A week-long departmental trial for Daniel Pantaleo, the New York police officer who put Eric Garner in the unauthorized choke hold that led to his death nearly five years ago on Staten Island, is set to begin this week.

Garner’s final words, “I can’t breathe,” became a national rallying cry in protests over issues of race and justice.

This is not a criminal proceeding but a matter before an NYPD administrative judge who will weigh whether Pantaleo inappropriately used the maneuver. The judge’s decision goes to Police Commissioner James O’Neill, who will then decide Pantaleo’s fate with the NYPD.

The Justice Department declined to pursue a federal civil rights case against Pantaleo, who has been relegated to desk duty these last several years.

It is uncertain whether Pantaleo will testify at his departmental trial.

New York City Mayor Bill de Blasio addressed the Justice Department’s decision on Friday with WNYC radio host Brian Lehrer.
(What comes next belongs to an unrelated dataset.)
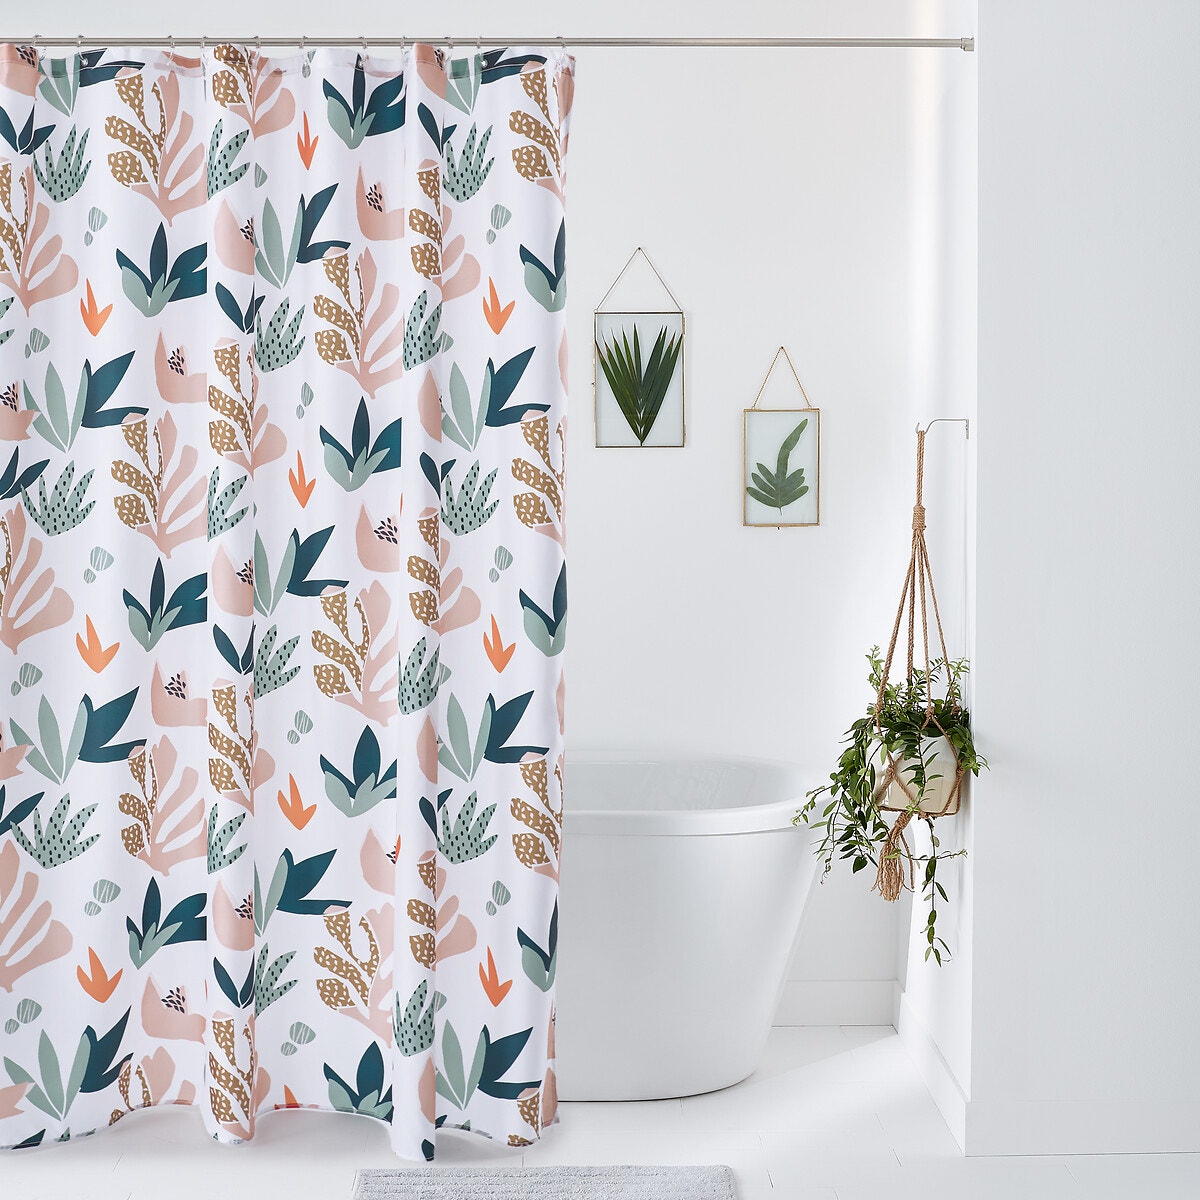 Σπίτι > Λευκά είδη > Μπάνιο > Κουρτίνες μπάνιου Κουρτίνα μπάνιου με εμπριμέ μοτίβο 200x180 cm
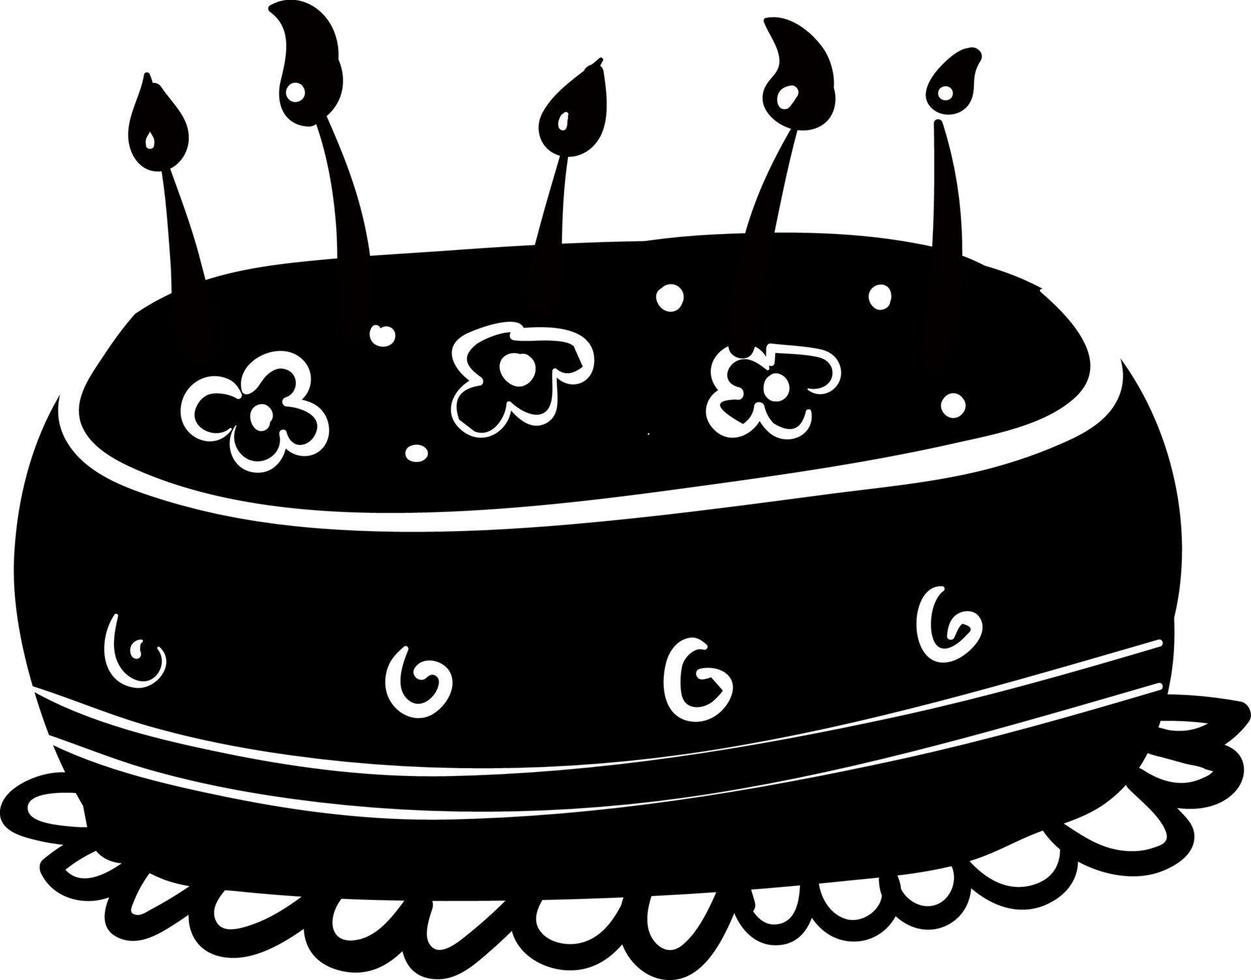 desenho de bolo de aniversário, ilustração, vetor em fundo branco.

“It’s really important to respect due process here and I’ve been clear about that,” de Blasio said. “The big – the big mistake here, I really believe in my heart is the Justice Department never decided anything and, you know, the City of New York deferred to the Justice Department’s request that they take their investigation forward and determine if there would be charges and they never to this day have and it’s just – I’ve never seen anything like it in my life.”

He went on, “I feel – I know the Garner family and they have gone through so much and they’re still waiting for an answer from the Justice Department but we finally got to the point of saying to the Justice Department, the NYPD is going to go ahead with its disciplinary process … I don’t know if the Justice Department is ever going to act and again I’m astounded and it went over two administrations without any resolution but we owe it to the people of the city and the Garner family to get to whatever resolution a court process brings and that will happen this year.”

If Pantaleo is found guilty of violating department rules, he faces penalties ranging from the loss of vacation days to termination. Pantaleo has denied all wrongdoing.